On Web Load Testing

Performance glitches on charts

When you load test a web application and gradually increase the number of virtual users during the test, you usually expect to see gradually degrading performance parameters such as response time. The number of pages (sessions or hits) per second will reach maximum in some moment and will probably stay the same for the rest of the test despite the growing load. This is simply because the site cannot serve more requests per second, so it has to postpone the new coming ones.

In reality you will probably see something like that, but only for a limited time. When the load goes even higher, you can get another picture that may seem surprising at first glance. It is illustrated by the following three charts. Black line in all charts represents the number of virtual users.

Response time
Number of pages per second
Error rate

As you can see, at some point in time the response time drops while the number of pages per second goes up. Looks like the site started to perform much better. However this is a misleading impression. The error rate chart explains the situation. It shows that the number of errors picked exactly at the same moment.

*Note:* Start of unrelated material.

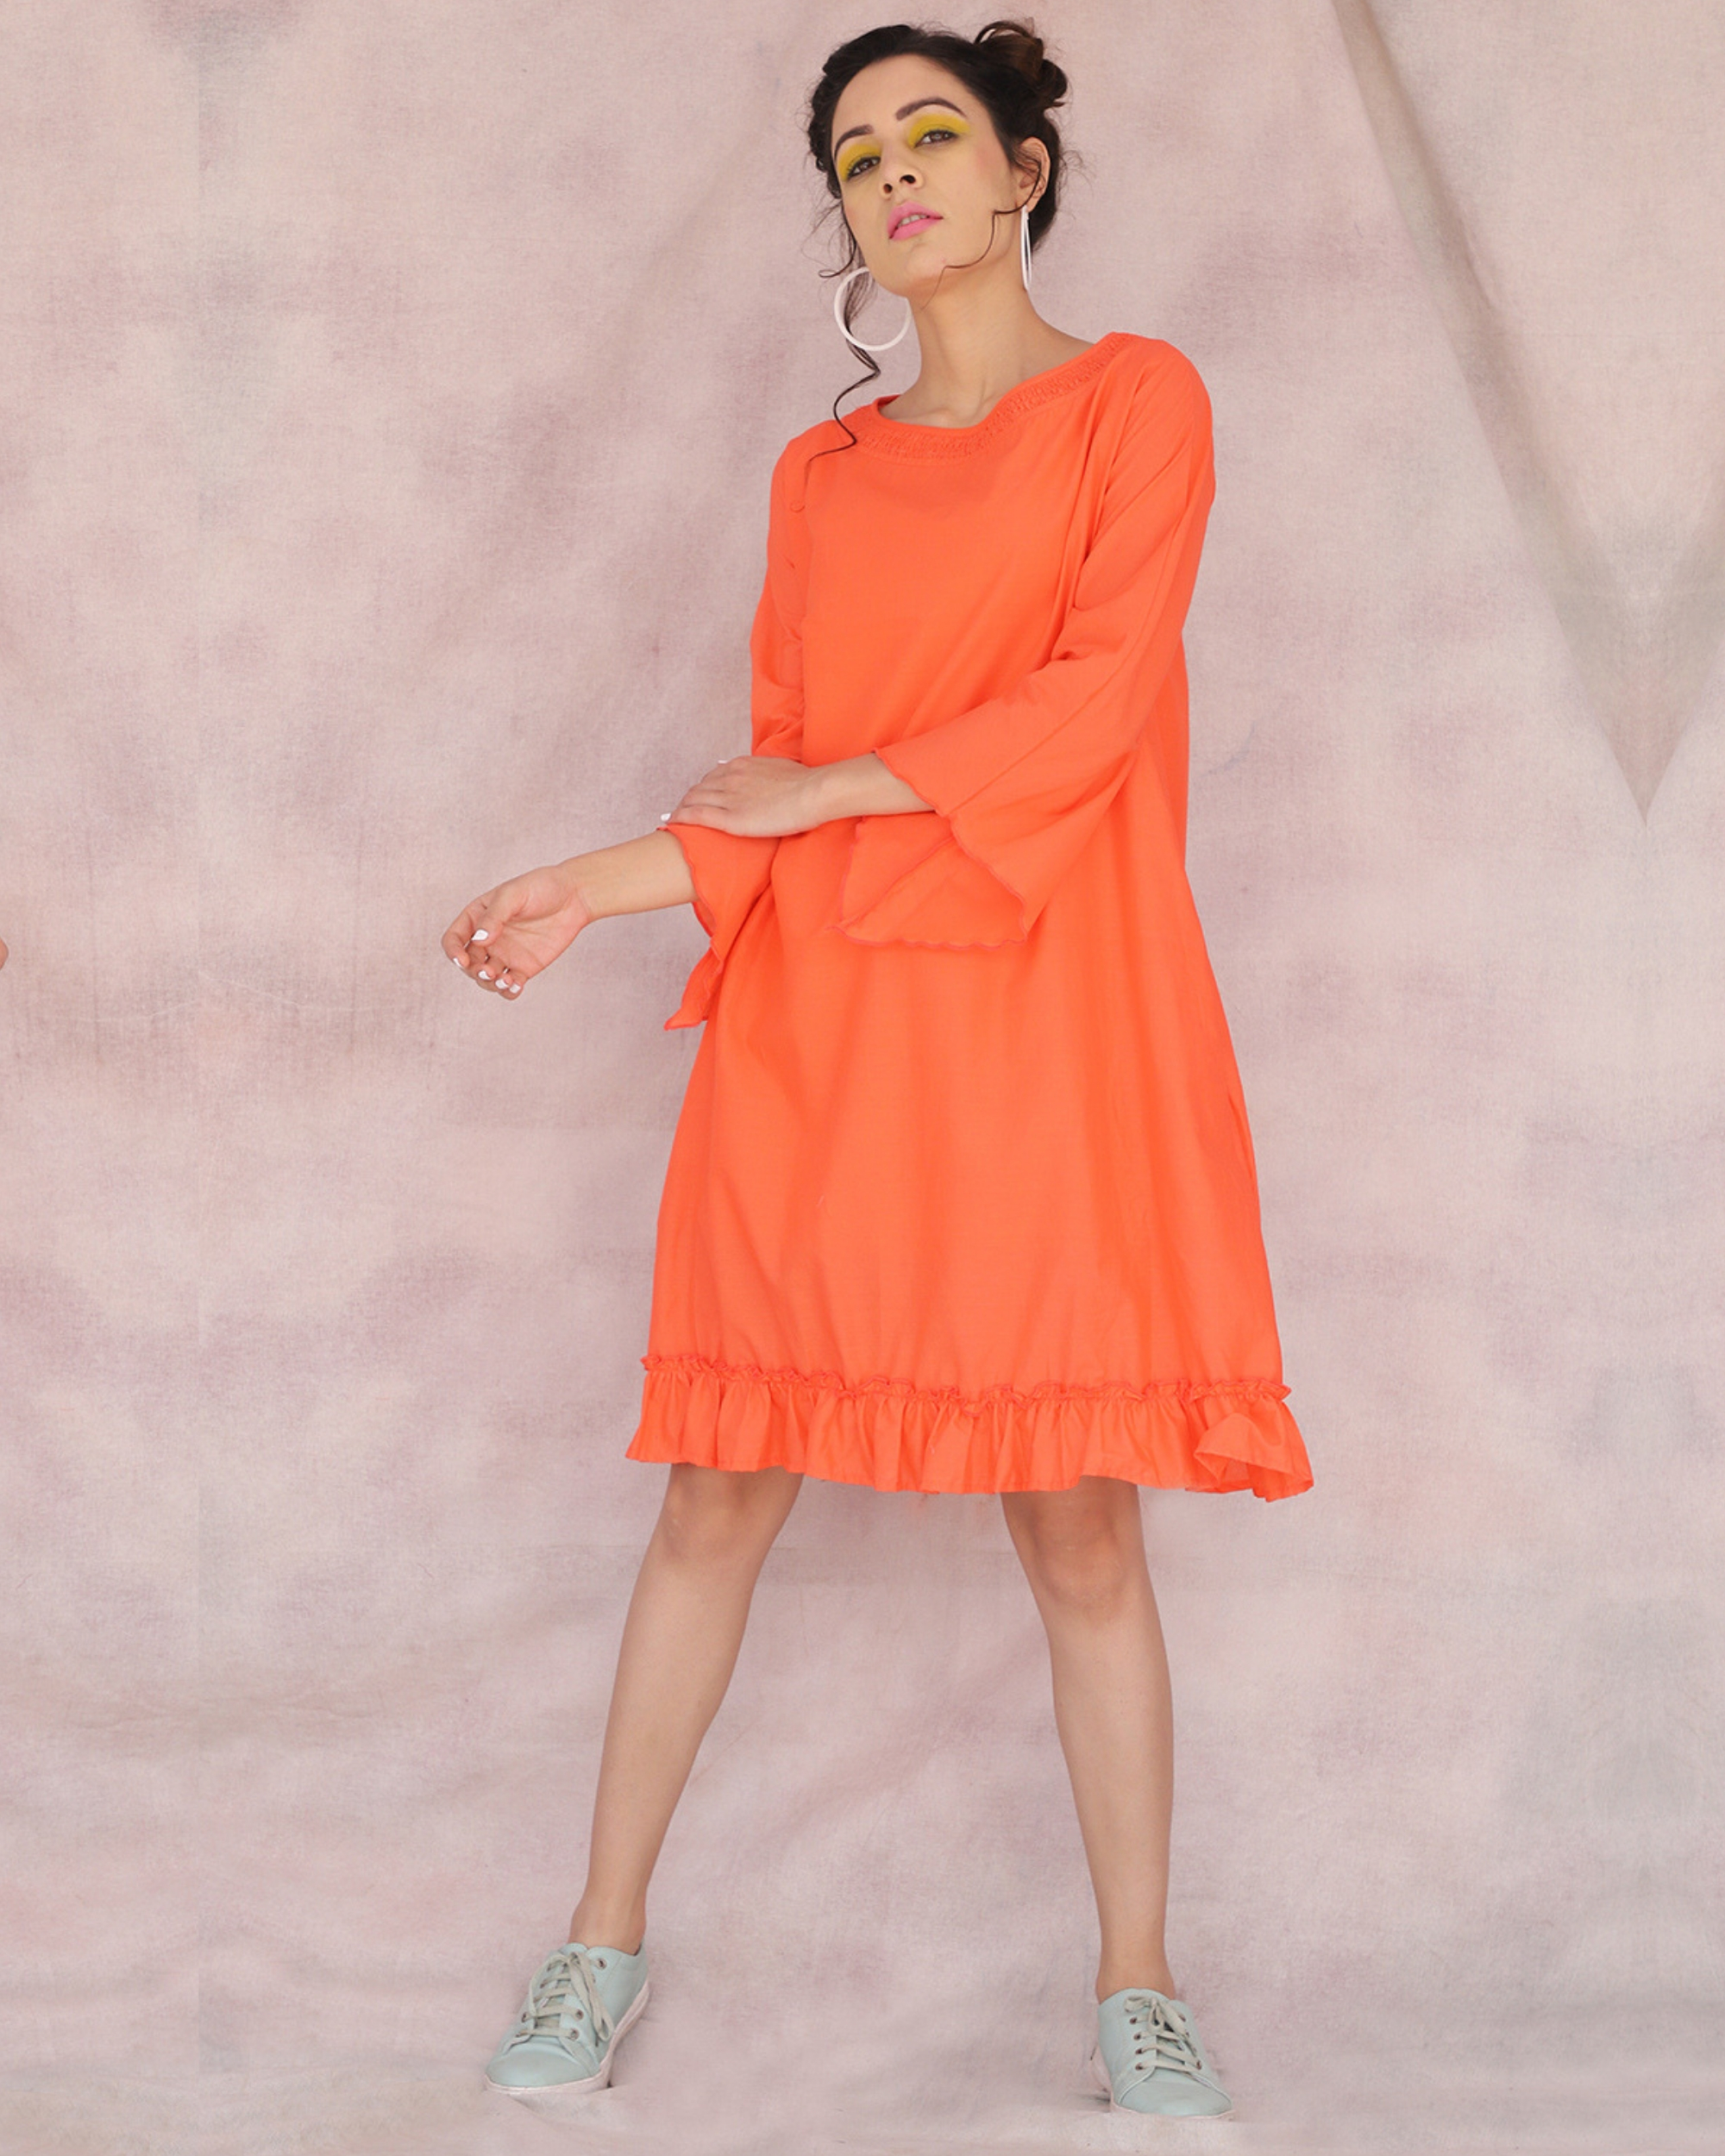 Orange ruffled dress by Red Cherry | The Secret Label
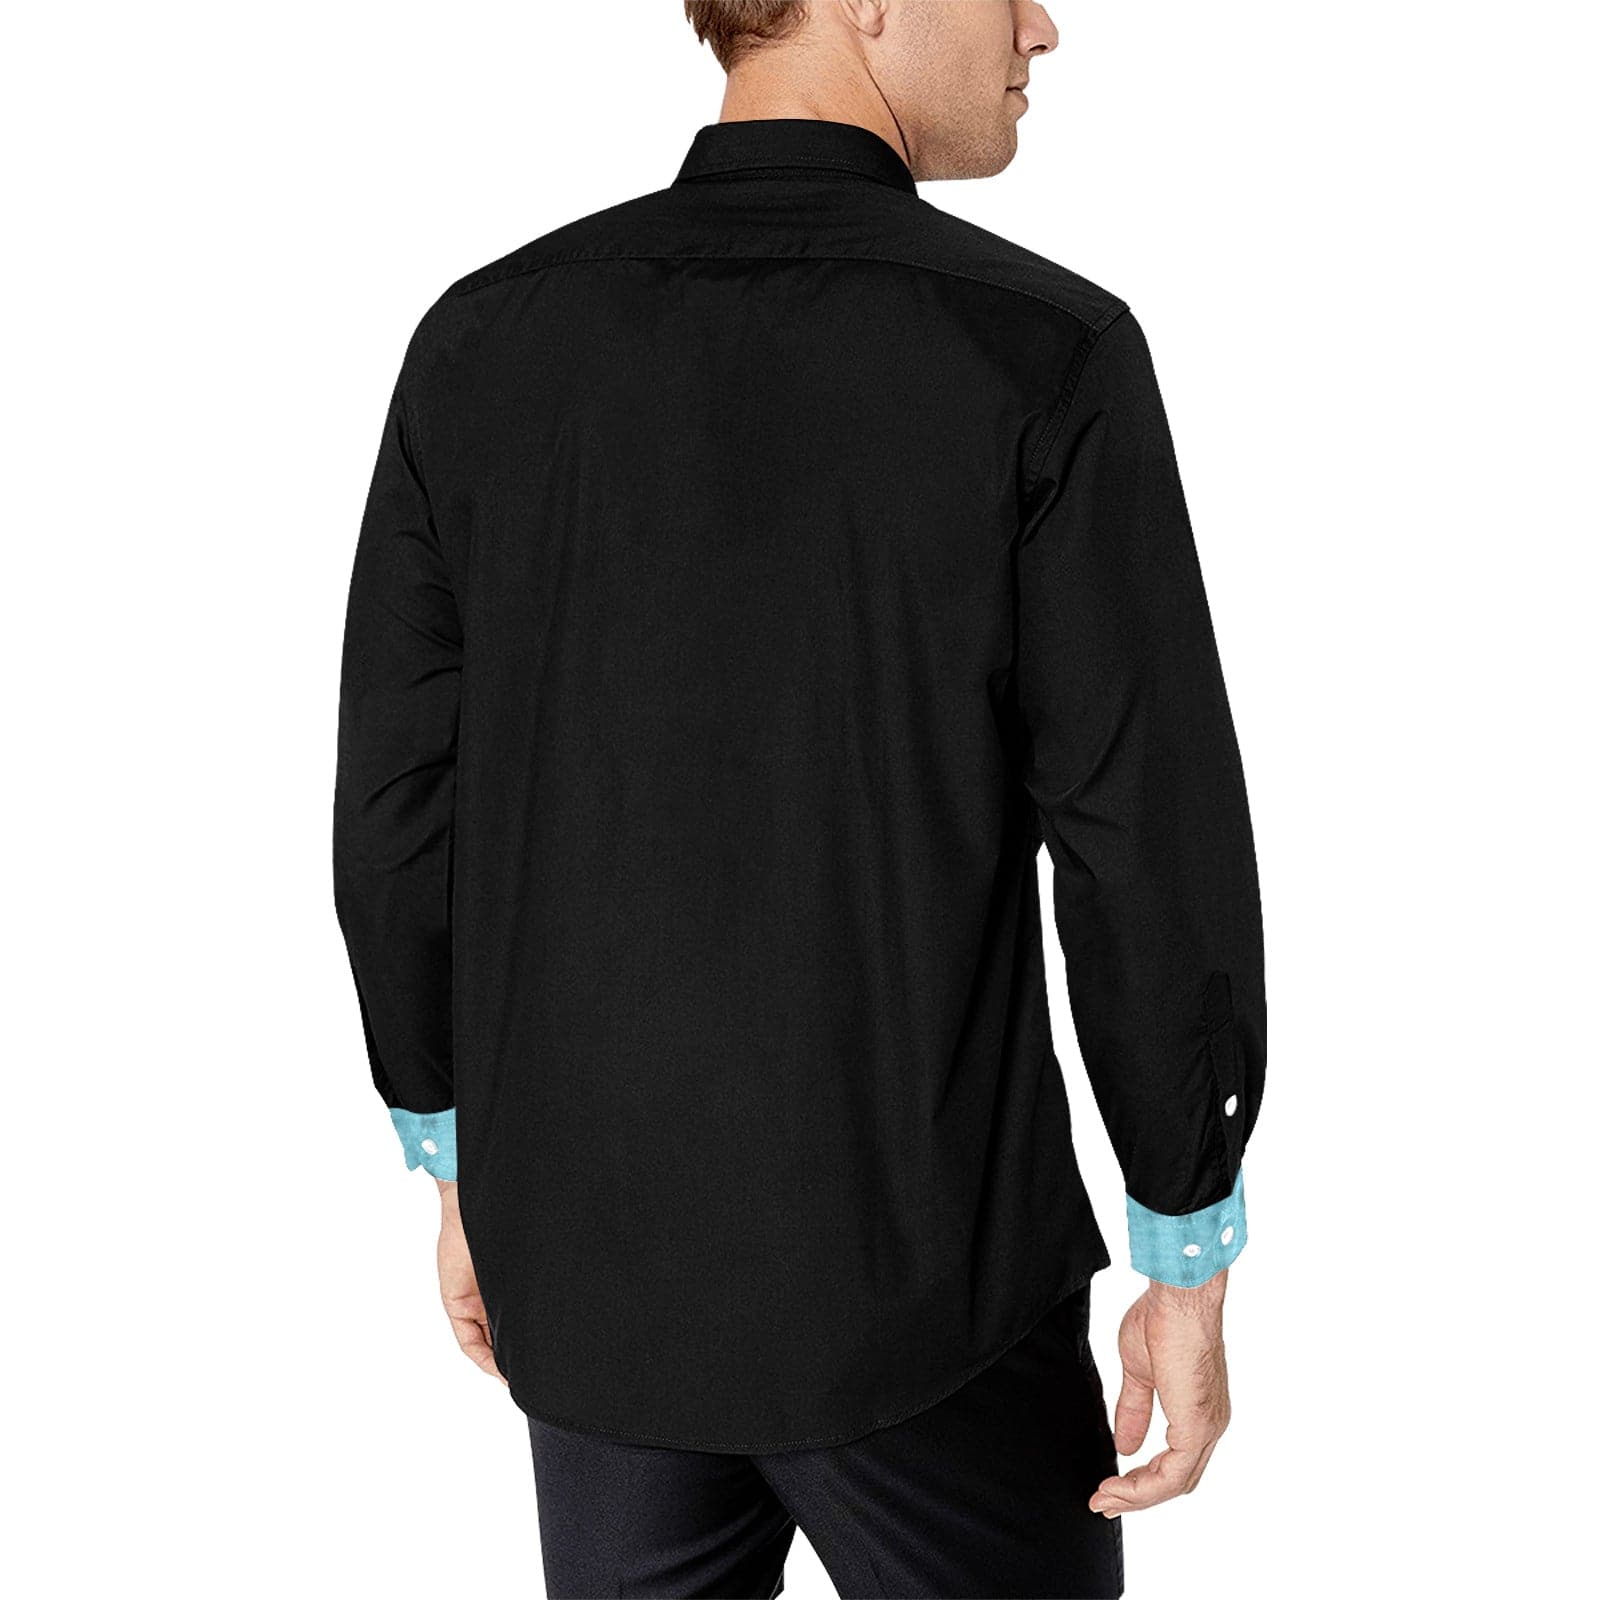 Black and Light Blue Line Patterned Easy Fit Longsleeve Shirt for Men Long Sleeve Shirt (Without Pocket)

Now we can interpret what we see. When the load on the server started to grow, it produced longer and longer delays. The response time got higher. At some moment the server had to drop the waiting connections, which resulted in the avalanche of errors and reconnect attempts.

Note that different requests can produce significantly different load on the site. A request to a static page only produces some load on the web server. It does not require any work from other system components. So, after virtual users massively restarted their sessions, the site switched from serving “heavy” requests to “light” requests. As a result, the averaged performance parameters improved. Of course this does not mean any change in the actual performance.

Conclusion: when analyzing response time and throughput numbers you should always take into account the error rate and session logs. You can directly compare performance numbers for different test periods only if the activity of virtual users is similar for those periods.